RECORDS FOR PROCESSING below:
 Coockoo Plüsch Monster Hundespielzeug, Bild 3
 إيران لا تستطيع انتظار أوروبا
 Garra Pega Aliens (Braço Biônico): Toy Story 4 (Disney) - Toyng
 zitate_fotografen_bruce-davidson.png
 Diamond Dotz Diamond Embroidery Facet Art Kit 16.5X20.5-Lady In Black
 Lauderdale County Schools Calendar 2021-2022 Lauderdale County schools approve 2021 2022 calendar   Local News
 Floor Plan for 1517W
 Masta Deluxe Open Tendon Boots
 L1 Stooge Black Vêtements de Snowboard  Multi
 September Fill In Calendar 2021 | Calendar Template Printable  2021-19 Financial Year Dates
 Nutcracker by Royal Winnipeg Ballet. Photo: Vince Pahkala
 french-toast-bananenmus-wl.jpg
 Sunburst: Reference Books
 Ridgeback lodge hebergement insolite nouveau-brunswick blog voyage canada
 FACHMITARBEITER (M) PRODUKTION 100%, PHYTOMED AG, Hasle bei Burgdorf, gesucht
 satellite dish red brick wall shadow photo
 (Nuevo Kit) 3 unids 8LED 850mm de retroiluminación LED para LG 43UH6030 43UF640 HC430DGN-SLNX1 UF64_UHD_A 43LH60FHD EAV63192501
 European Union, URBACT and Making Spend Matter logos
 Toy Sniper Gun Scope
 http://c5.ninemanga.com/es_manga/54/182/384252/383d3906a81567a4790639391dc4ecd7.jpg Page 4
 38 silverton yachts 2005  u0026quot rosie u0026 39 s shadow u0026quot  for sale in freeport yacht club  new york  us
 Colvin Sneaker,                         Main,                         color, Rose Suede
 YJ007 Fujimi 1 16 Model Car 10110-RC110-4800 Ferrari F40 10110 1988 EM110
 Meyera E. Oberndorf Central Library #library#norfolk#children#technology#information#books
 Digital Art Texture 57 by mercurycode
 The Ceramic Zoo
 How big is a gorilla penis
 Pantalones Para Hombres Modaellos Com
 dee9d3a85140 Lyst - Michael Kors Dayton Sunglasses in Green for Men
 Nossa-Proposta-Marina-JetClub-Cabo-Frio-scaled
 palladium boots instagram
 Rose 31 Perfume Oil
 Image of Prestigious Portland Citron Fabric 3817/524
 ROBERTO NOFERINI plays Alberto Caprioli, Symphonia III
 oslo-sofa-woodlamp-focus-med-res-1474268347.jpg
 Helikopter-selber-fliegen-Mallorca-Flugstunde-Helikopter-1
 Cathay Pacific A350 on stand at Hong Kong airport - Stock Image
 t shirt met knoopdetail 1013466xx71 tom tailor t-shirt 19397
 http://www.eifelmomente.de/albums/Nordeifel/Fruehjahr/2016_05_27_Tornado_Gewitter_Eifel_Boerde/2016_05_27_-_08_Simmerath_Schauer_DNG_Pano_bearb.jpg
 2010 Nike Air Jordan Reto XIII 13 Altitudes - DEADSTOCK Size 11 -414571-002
End of RECORDS FOR PROCESSING.
PROBLEM DETAILS: Please return every line in the data that includes the string "http".

COMPLETED TASK:
 http://c5.ninemanga.com/es_manga/54/182/384252/383d3906a81567a4790639391dc4ecd7.jpg Page 4
 http://www.eifelmomente.de/albums/Nordeifel/Fruehjahr/2016_05_27_Tornado_Gewitter_Eifel_Boerde/2016_05_27_-_08_Simmerath_Schauer_DNG_Pano_bearb.jpg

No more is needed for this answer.